Конан вопросительно посмотрел на стигийца.
– Насекомые, – пояснил Тахем. – Я переловил мух-соглядатаев, а новых не прибыло. После оборотней на этой дороге остались бы сотни летающих шпионов.
– Кто же тогда? – мрачно спросил киммериец. Тахем развел руками.
– Кто бы ни были, их намного больше, чем нас, и они на нашем пути. У нас нет другой дороги. Больше всего меня пугает, что они пришли из Агадеи.
– Мне это тоже не нравится, – проворчал Конан, – ну да ладно. Лишь бы не совались к нам, а уж сами-то мы на рожон не полезем.
Он вдруг резко натянул поводья, запрокинул голову и застыл. Глядя, как раздуваются его ноздри, Тахем тоже принюхался и ощутил сладковатый запах.
Над перекатами горного ручья витали ароматы трав, и к ним назойливо приманивался запах смерти.
* * *
Хагафи, военный вождь клана парящих соколов, нагнулся и откинул полог латанного-перелатанного матерчатого шатра.
– Входи, Конан. – Афгул указал на мерцающий проем входа. – Такому знаменитому гостю мы всегда рады. В наших краях даже грудные дети о тебе наслышаны. Входи и ничего не бойся.

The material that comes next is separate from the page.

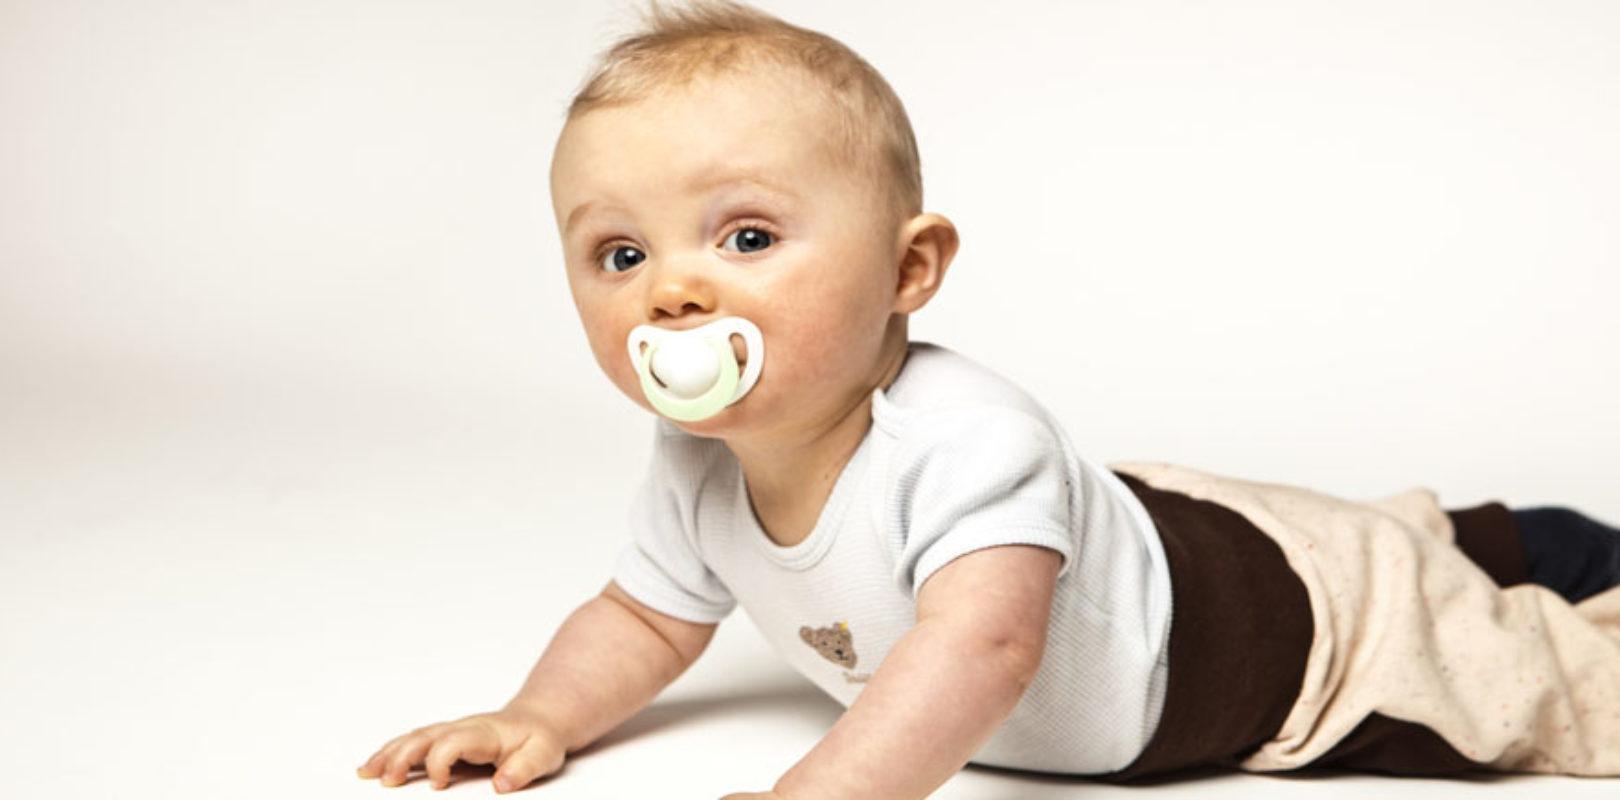 Bild Baby mit einem Nuckel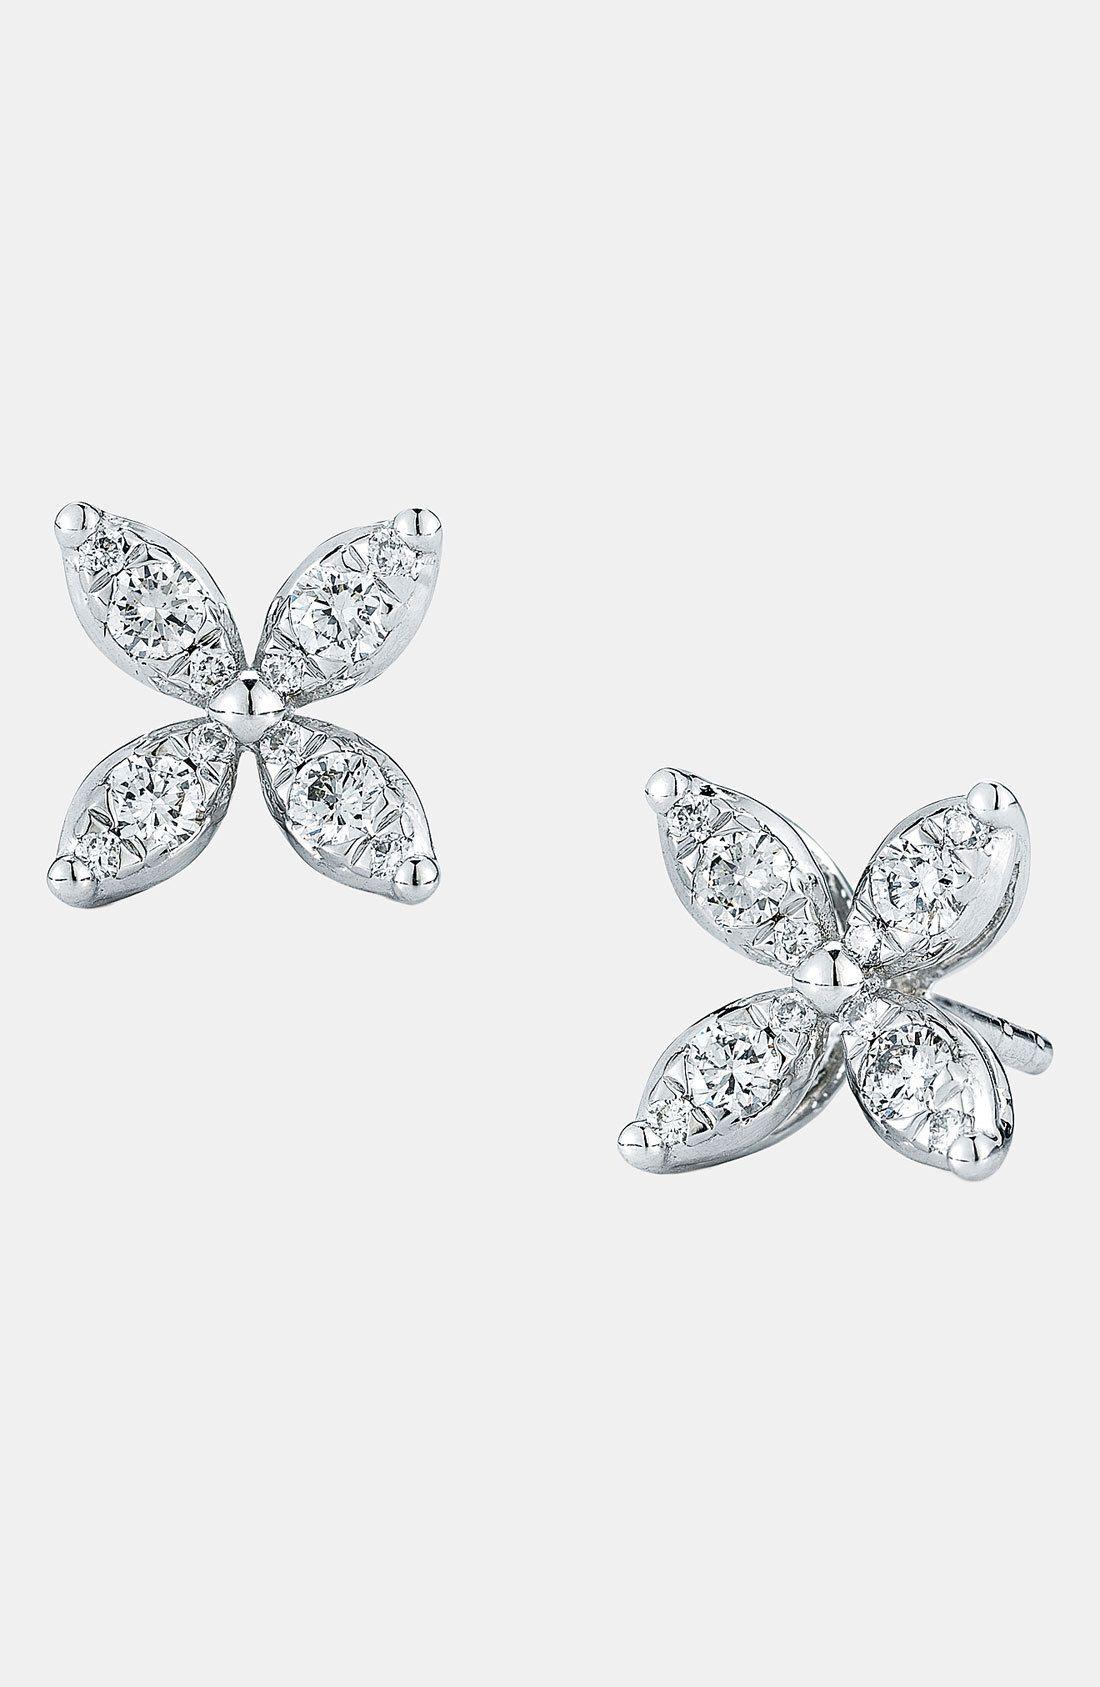 'Sunburst' Diamond Stud Earrings by Kwiat on HeartThis

В шатре плясали синеватые огоньки над бронзовой жаровней, пахло кизяком, прогорклым жиром и овчиной. Тарк опустился на кошму, подобрал под себя ноги, взял из рук хозяина глиняную чашу с конским молоком. Хагафи уселся напротив, обнажил в широкой улыбке редкие и кривые, но еще вполне крепкие зубы.
– Мой родной сын Бараф ходил с тобой на туранцев, – сообщил Хагафи. Как бы он обрадовался, увидев тебя здесь! Увы, подлая мунганская стрела оборвала его молодую жизнь. Надо же! Ты в точности такой, каким тебя описывали мой сын и его друзья, сложившие головы за рекой Запорожкой. Они отправились на север за большой добычей, но ни один не вернулся в родные горы. В этом нет твоей вины, киммериец, – молодые всегда мечтают получить все сразу. Я говорил сыну: уж коли ты сокол, негоже летать в дальние страны. Для этого надо было родиться журавлем или гусем. Сокол – хищная птица, он и в родном краю найдет себе поживу.
Но Бараф не внял моим увещеваниям, он сказал: «Вместе с Конаном я громил хваленую туранскую армию, и я теперь знаю, что переживает степной волк, когда грызет глотку быку. Ты прав, отец, сокол – хищная птица, но разве пристало хищнику щебетать перед толстопузыми купцами? Противно смотреть, как ты и старейшины мечете бисером, лишь бы на будущий год они опять провели по вашей дороге поганые телеги, лишь бы швырнули жалкую кость. Не затем даны соколу острый клюв и крепкие когти, чтобы ковыряться в купеческом дерьме». И сын ушел, а с ним еще двадцать пять молодых мужчин. А потом их кони и дорогое оружие достались грязным казакам.